La reacción de Pablo Iglesias a la imputación de dos de sus concejales en el Ayuntamiento de Madrid equivale, a efectos de regeneración, a sentarse en DiverXO y que te sirvan fritanga. Uno podría entender que Podemos tratara de justificar la actuación de Carlos Sánchez Mato y de Celia Mayer por un arrebato, por un exceso de celo, por su apasionamiento en la lucha contra la corrupción, aun cuando España, con sus peros, es un país desarrollado del primer mundo y no el bosque de Sherwood.
La realidad es que estos concejales se pulieron 100.000 euros de los madrileños en dos informes solicitados a dedo a otros tantos despachos. Lo hicieron de espaldas a la alcaldesa, acaso porque temían que les parase los pies. Su objetivo era demostrar que el convenio suscrito con el Open de Tenis de Madrid causaba un perjuicio a las arcas municipales, por más que varios estudios de los funcionarios de carrera del Ayuntamiento hubiesen descartado ya tal extremo.
El desenlace ya lo conocen. El juez ha imputado a los intrépidos concejales por los delitos de malversación de fondos públicos y prevaricación.

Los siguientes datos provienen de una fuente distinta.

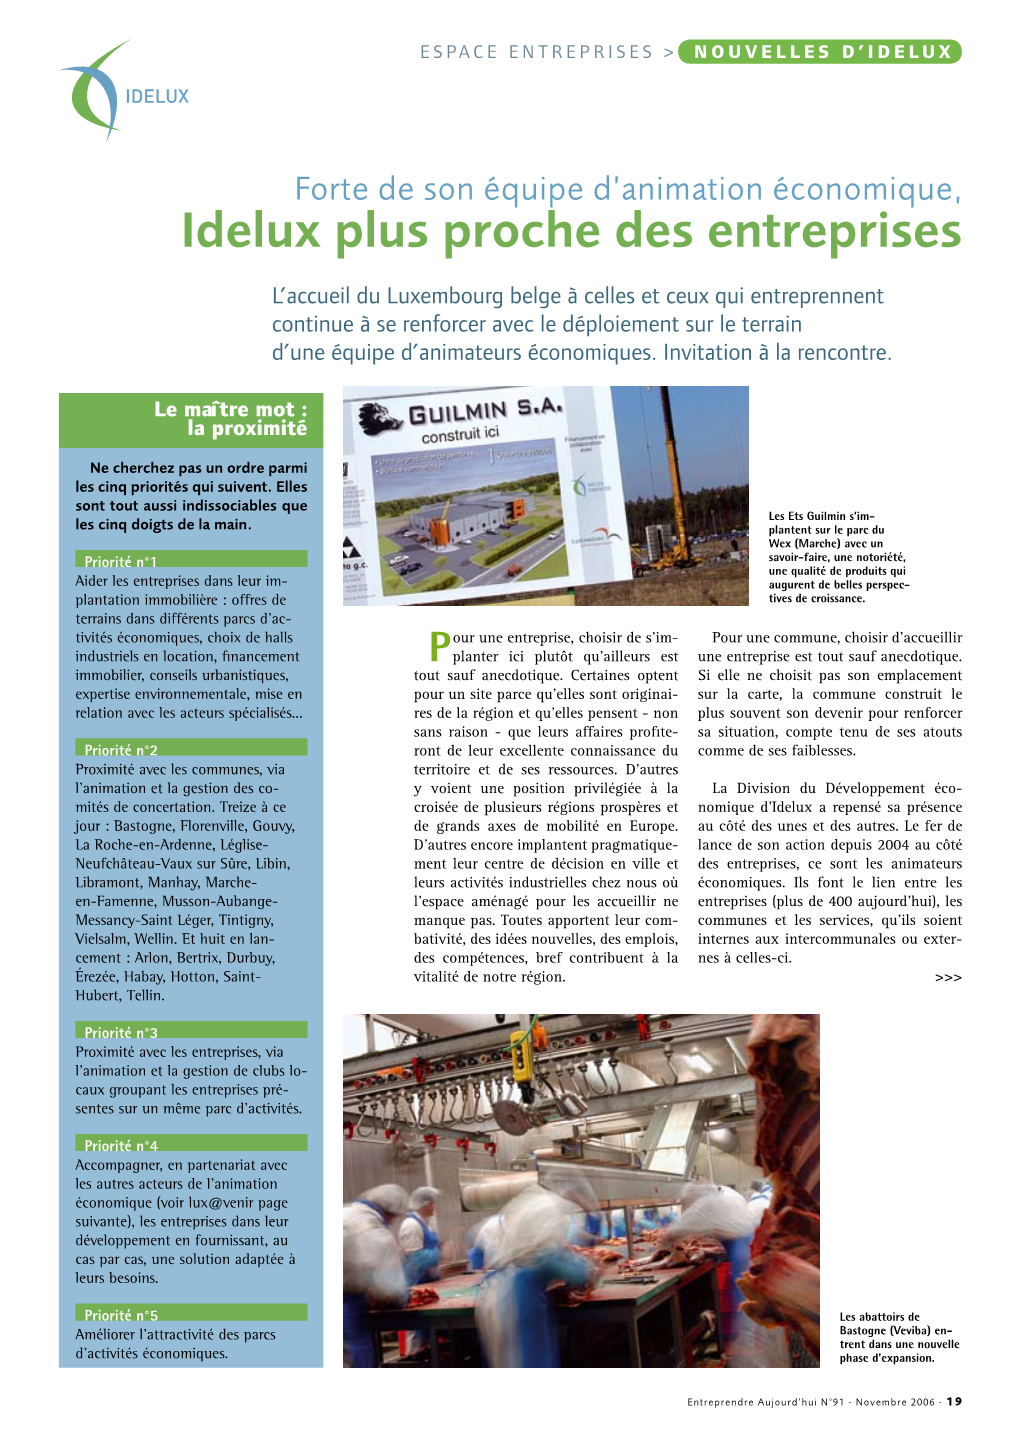 Idelux Plus Proche Des Entreprises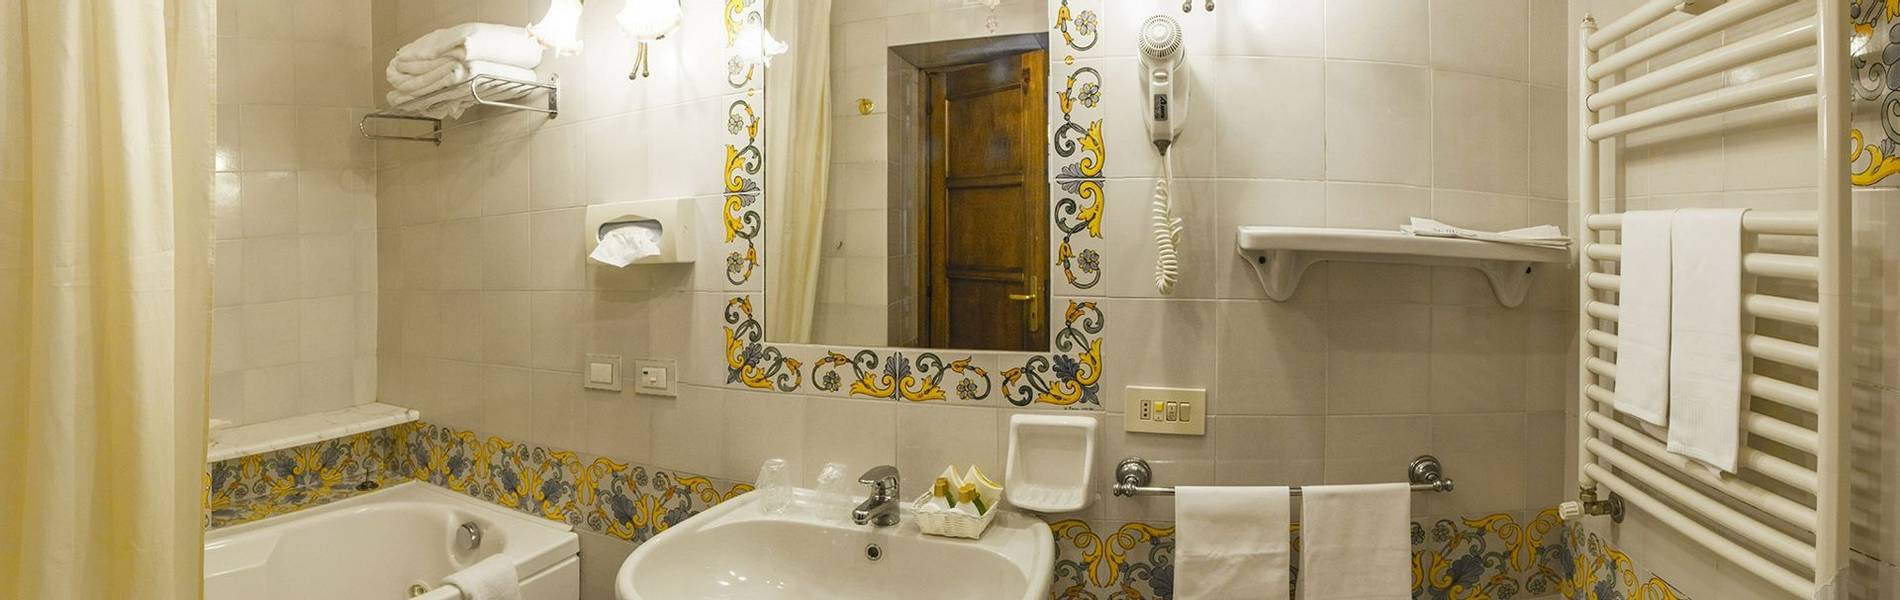 Villa Maria, Amalfi Coast, Italy, Bathroom.jpg

Y lejos de replegar velas, Iglesias los ha presentado ante la opinión pública como víctimas de una cacería política: "Les atacan y les denuncian por investigar la corrupción". Ni siquiera el PP se ha atrevido a tanto con sus Bárcenas e Ignacios González.
Asusta el convencimiento que muestran algunos servidores públicos para imponerse la sagrada misión de hacer justicia aun al margen de la ley, contradicción flagrante donde las haya. La máxima que inspira estos comportamientos vendría a ser "mi verdad me legitima para tal y para cual". Basta echar un vistazo a la Historia para comprobar cuáles son los efectos prácticos de esta tesis. Aunque quizás sea difícil de entender a quien tiene a Cánovas como gran enemigo de la democracia.